I felt compelled to write about a topic known as the Mom Bag after writing my last blog, ILostMyS#$TatToysRUs. The Mom Bag saved my Christmas after all, and it deserves a little recognition.
For anyone who isn’t sure, you don’t make a Mom Bag, a Mom Bag makes itself. After you have a child you have something called a diaper bag, out of this evolves the Mom Bag.
A Mom Bag has a variety of items, and can hold up to and including the weight of at least one of your children. It is thoroughly indestructible.
It has various clothing options for every type of apocalyptic climate change you could fathom. With the general “end of the world” theme, you will also find full meals and drinks that if rationed out could keep you alive for days on end, or at least, your child relatively calm on a mall trip.
I won’t forget to mention the medical supplies; band aids, fever reducers, alcohol swabs, and leftover antibiotics. There are at least two sippy cups, from various stages in your child’s development, and there are miscellaneous restaurant crayons. Mom Bags hold your car keys; you just will never find them. Your cell phone will ring at the bottom of your Mom Bag; it will come out with a sticky substance all over it. Mom Bags have your stuff in them also; make up, wallet, etc. However, whatever that sticky substance is, will totally be all over it. There is at least one dollar worth of pennies hanging out in the very bottom of the Mom Bag, but you’ll never use them, because of that damn sticky stuff.

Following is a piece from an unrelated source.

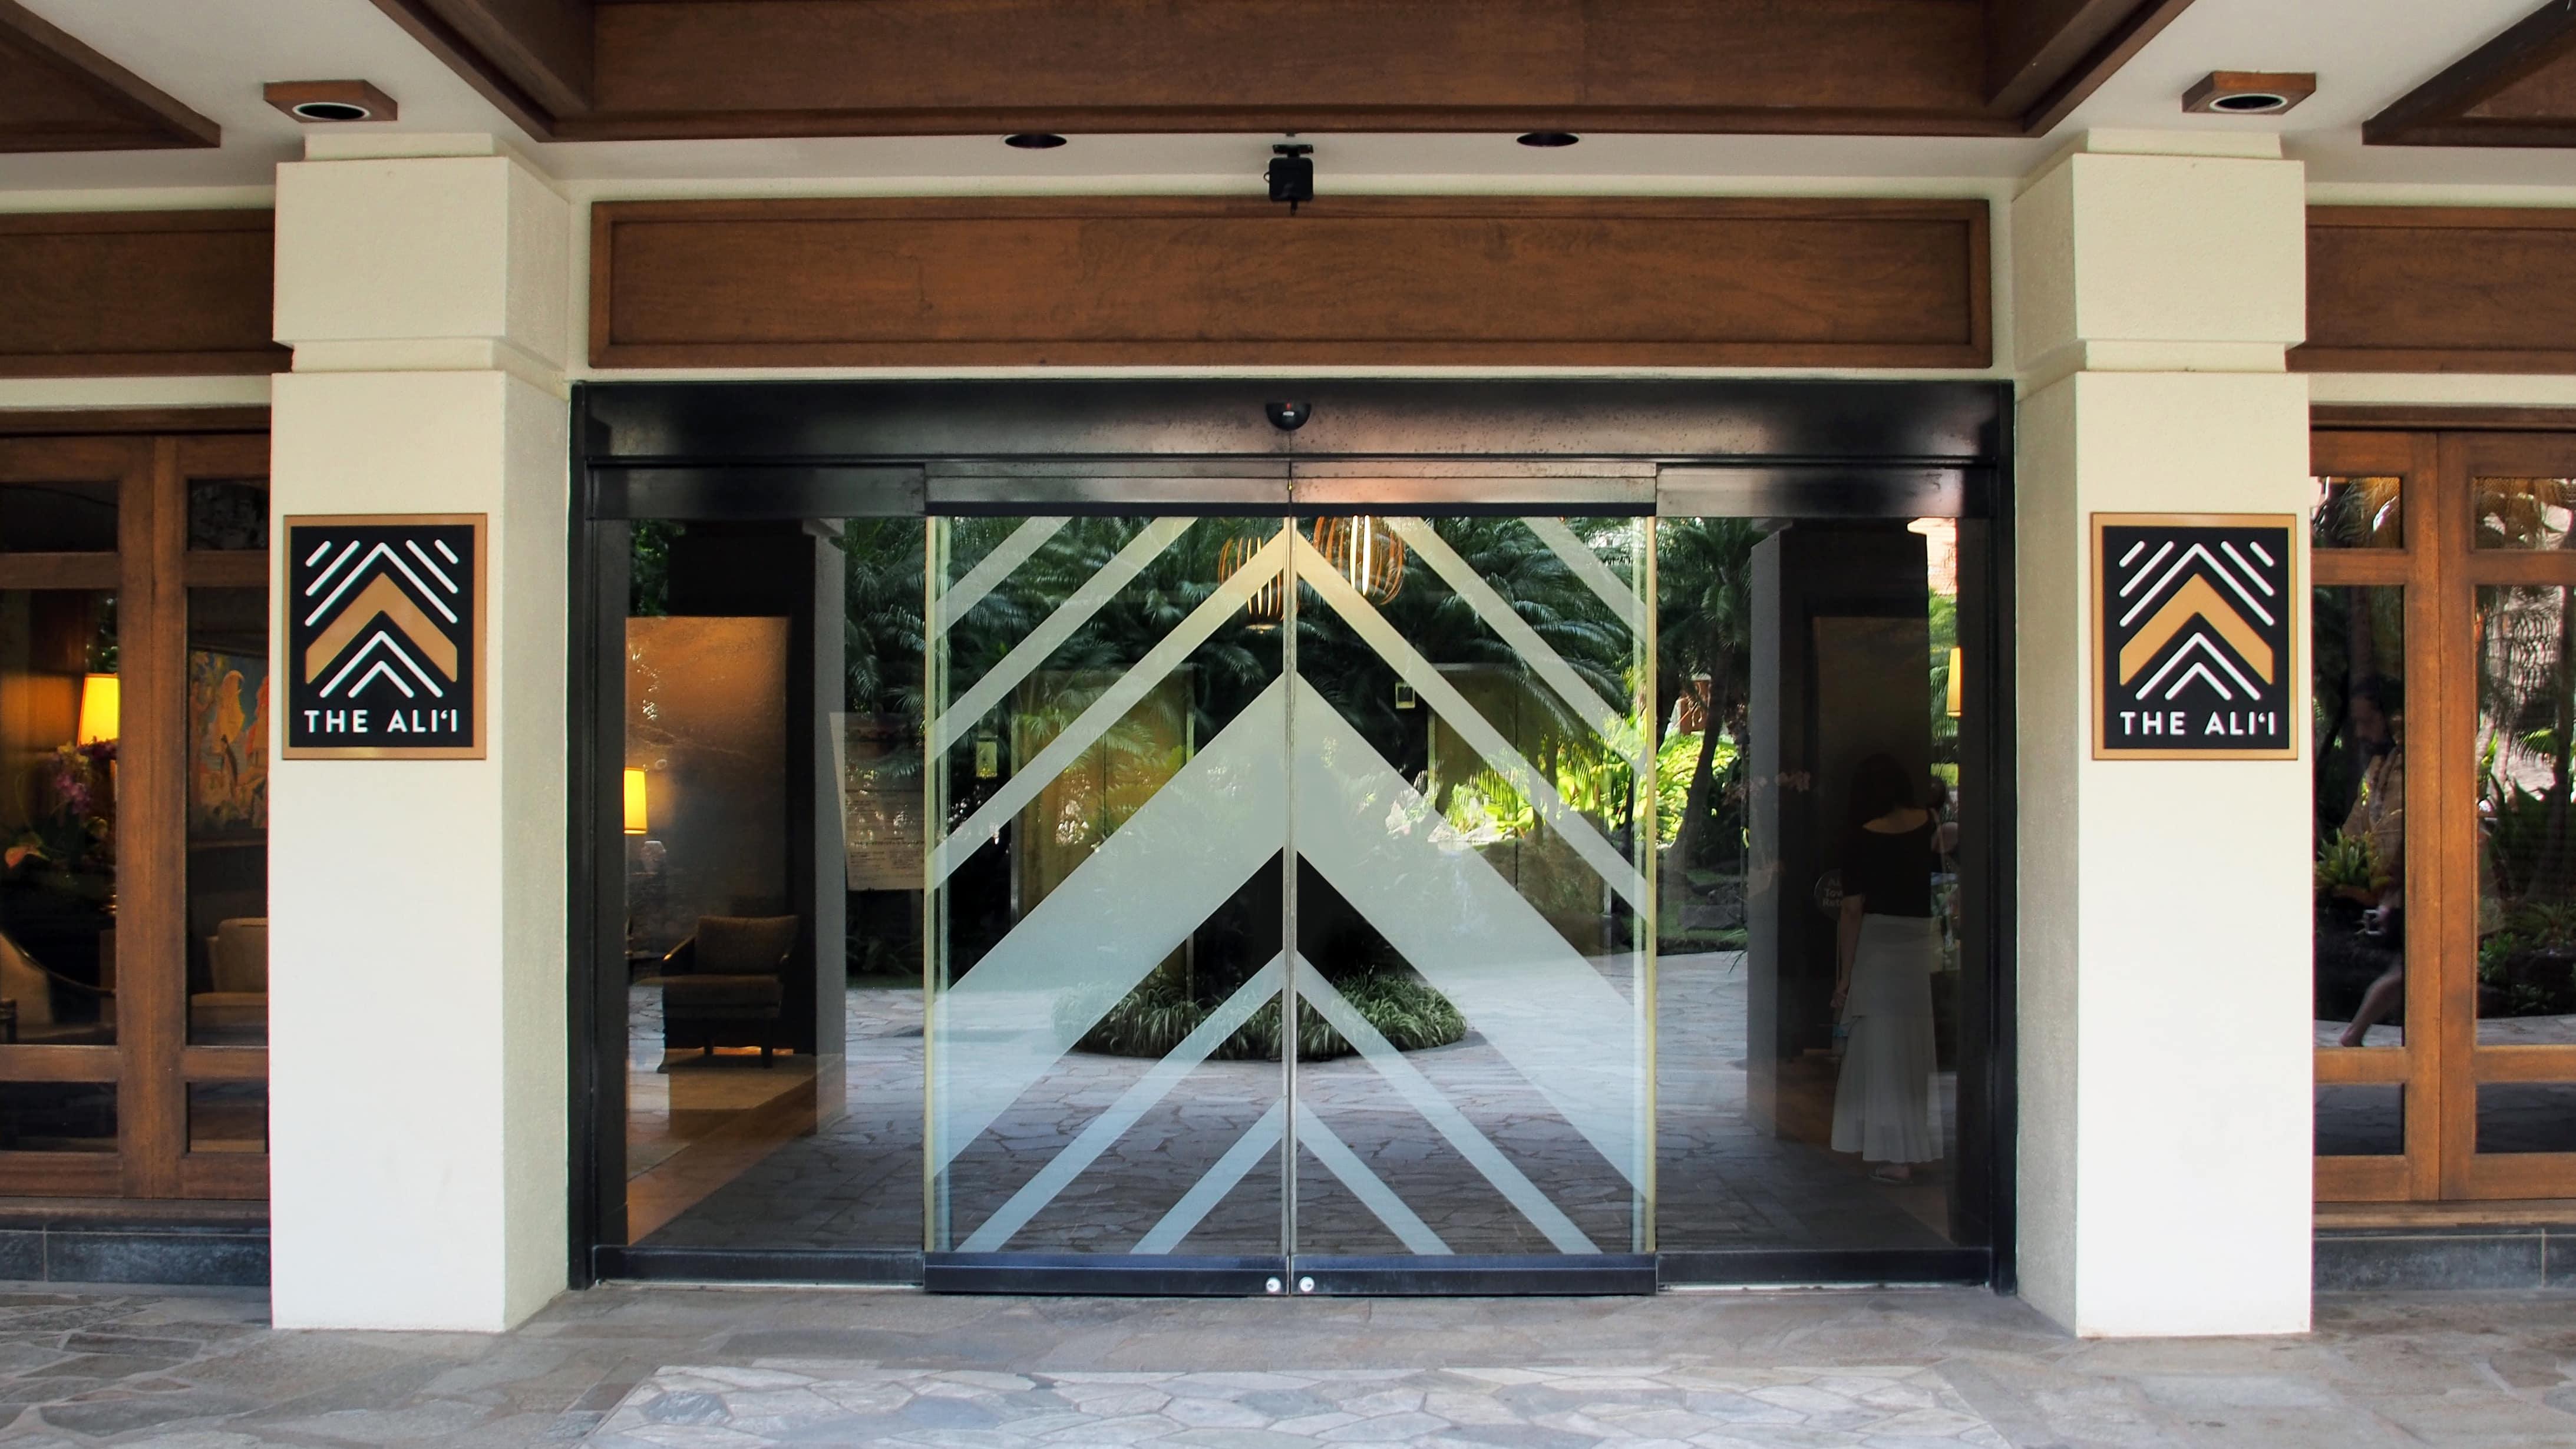 The Ali'i Entrance

If you happen to go somewhere without your child, you will bring your Mom Bag. This is because you yourself start to depend on the Mom Bag for your own needs. You start to wonder what you ever did before Mom Bag. How did you live your life without wet wipes? You need that sippy cup to take your vitamins. You start to shake if you touch something and cannot Purell afterwards. What if the sun gets too strong, and you need an SPF face stick? You realize that you have low blood sugar and those gummies that stick to the pennies in the bottom of your bag are necessary for moderately long car rides!
I don’t care how much you paid for your Mom Bag, they all look the same. So much so, that my husband took to going through another woman’s Mom Bag at the park the other day, thinking it was mine. He was looking for my car keys, but he didn’t find hers either.
Me and my awesome Mom Bag. Bre stares lovingly at it.